EXERCISE: In the data below, find the line that contains "リボルテック Amazing Yamaguchi スパイダーグウェン" and the line that contains "Pharmacist (Regulatory Affairs)". Copy both, plus every line between them, exactly.

══ AVAILABLE DATA

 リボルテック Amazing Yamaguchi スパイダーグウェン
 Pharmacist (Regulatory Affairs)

════
══ AVAILABLE DATA

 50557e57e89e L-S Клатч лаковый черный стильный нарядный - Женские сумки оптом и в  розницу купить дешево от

════
══ AVAILABLE DATA

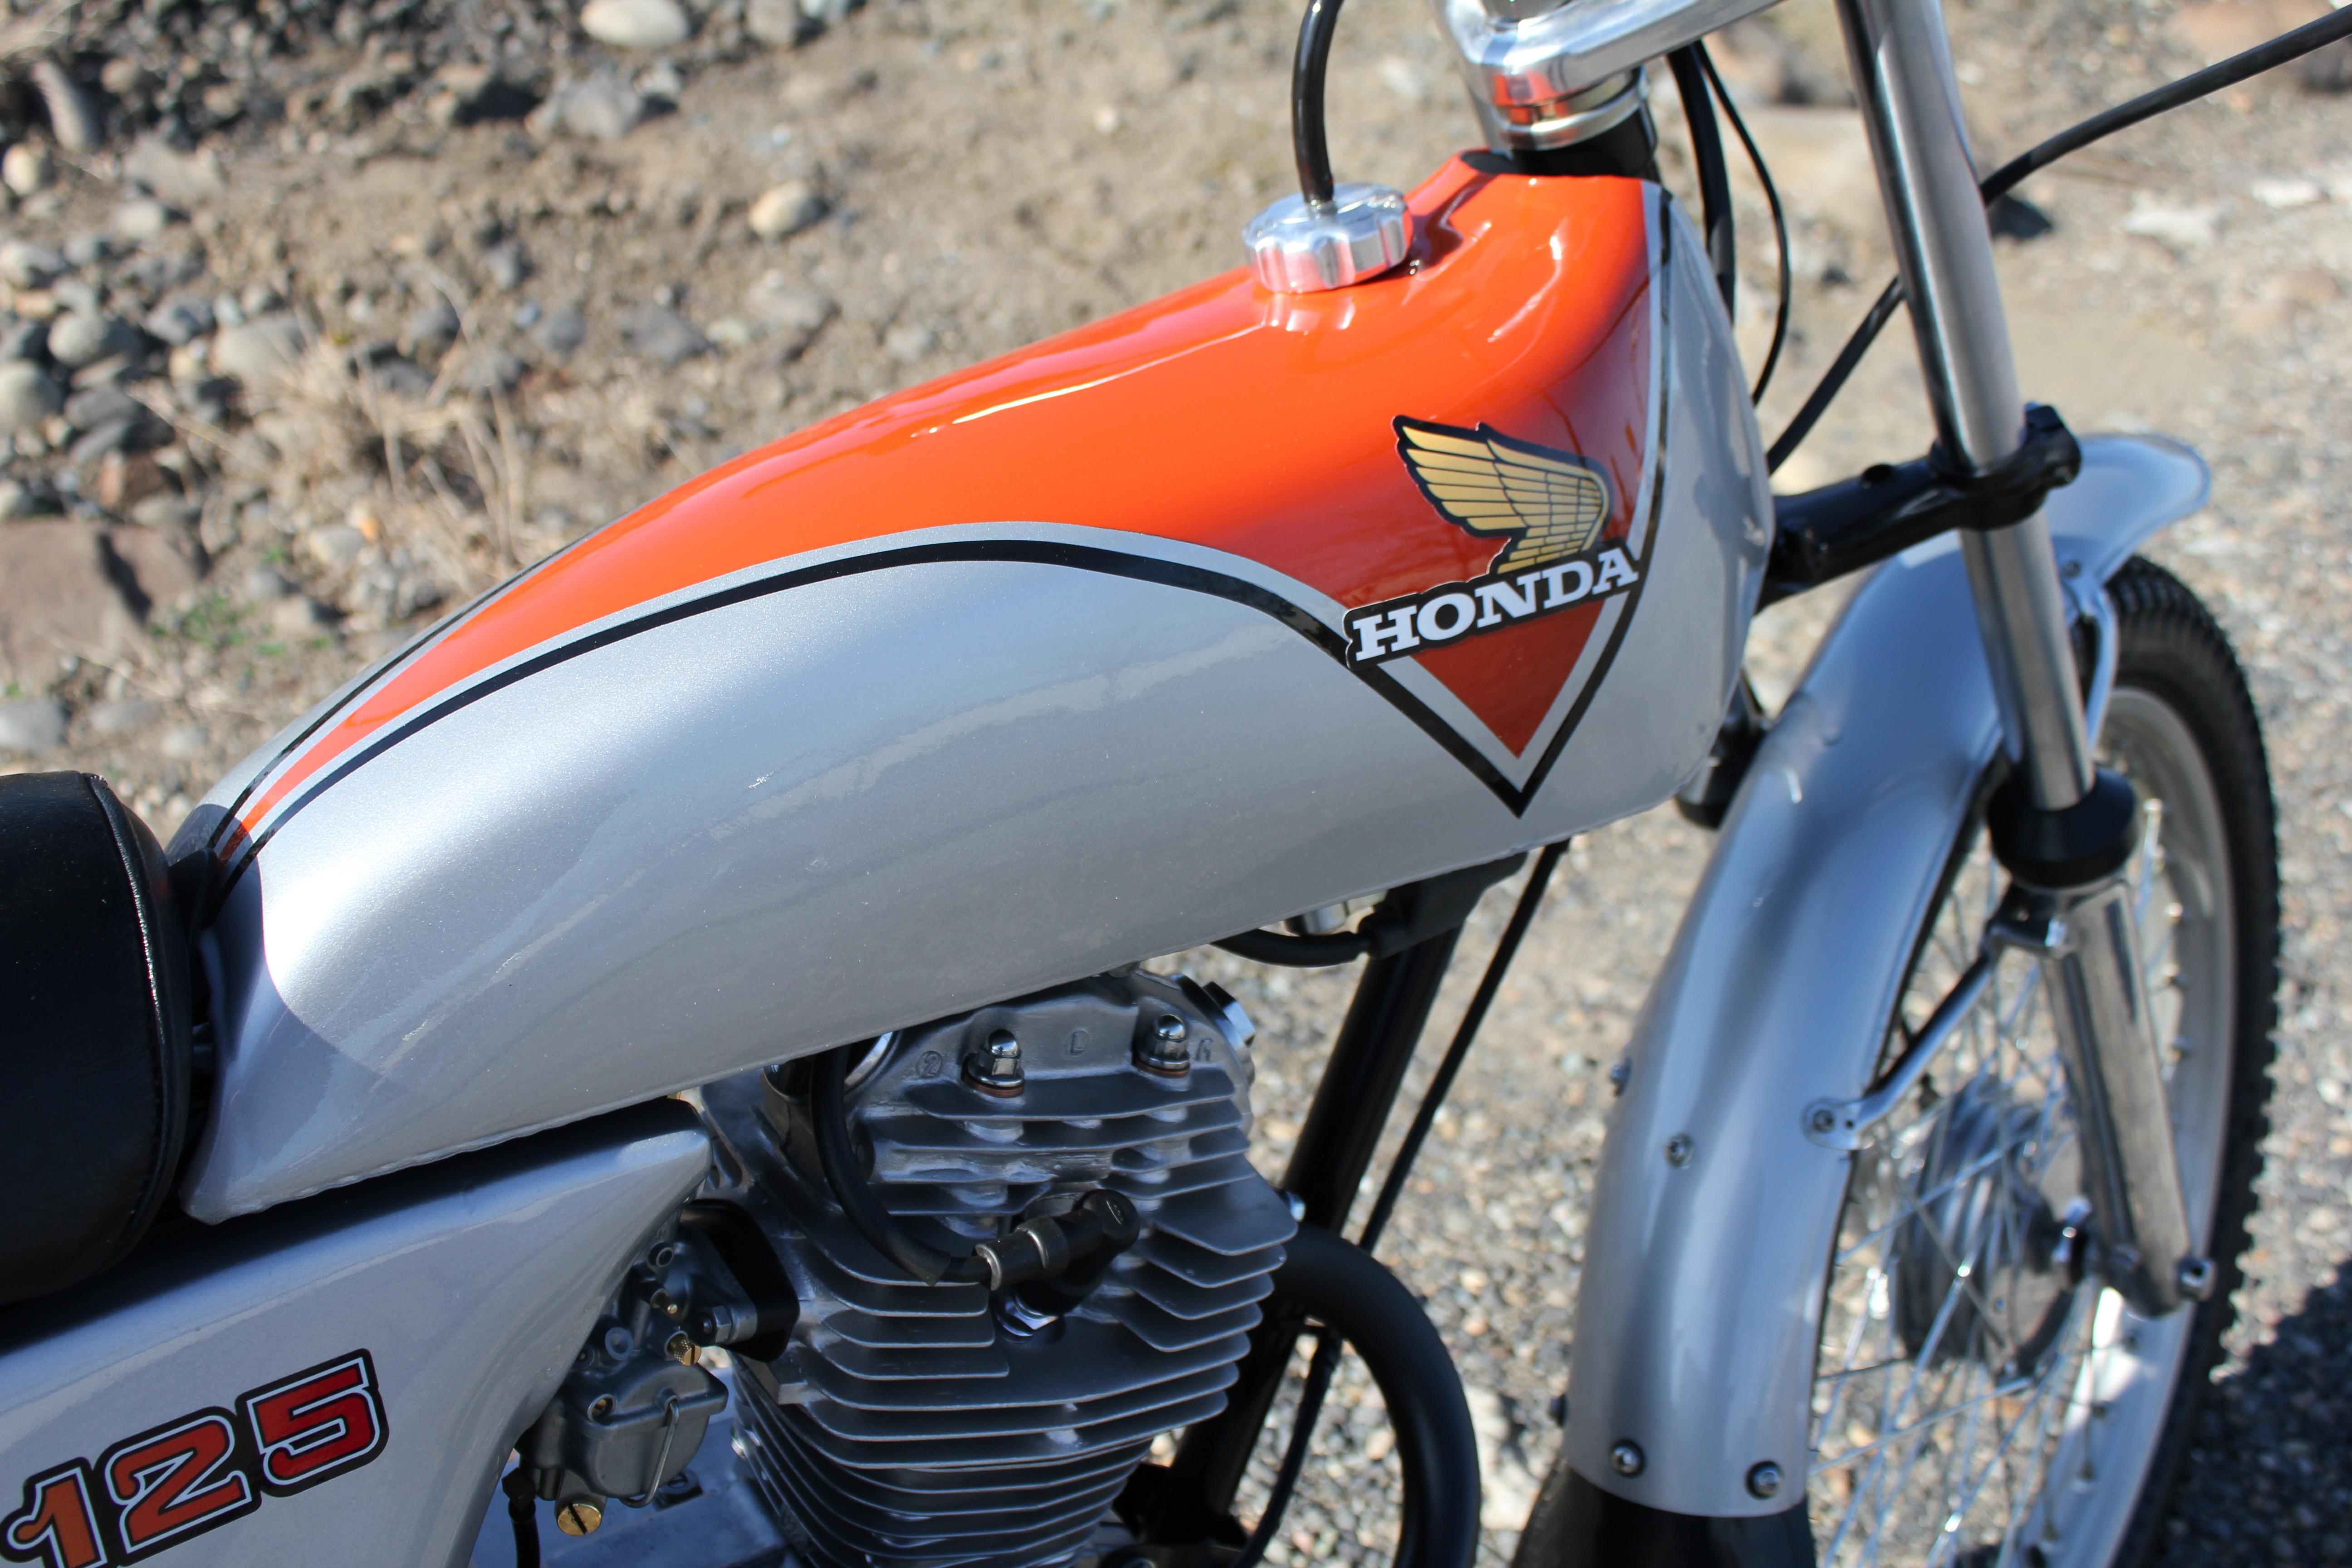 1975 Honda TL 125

════

THE ANSWER:
 リボルテック Amazing Yamaguchi スパイダーグウェン
 Pharmacist (Regulatory Affairs)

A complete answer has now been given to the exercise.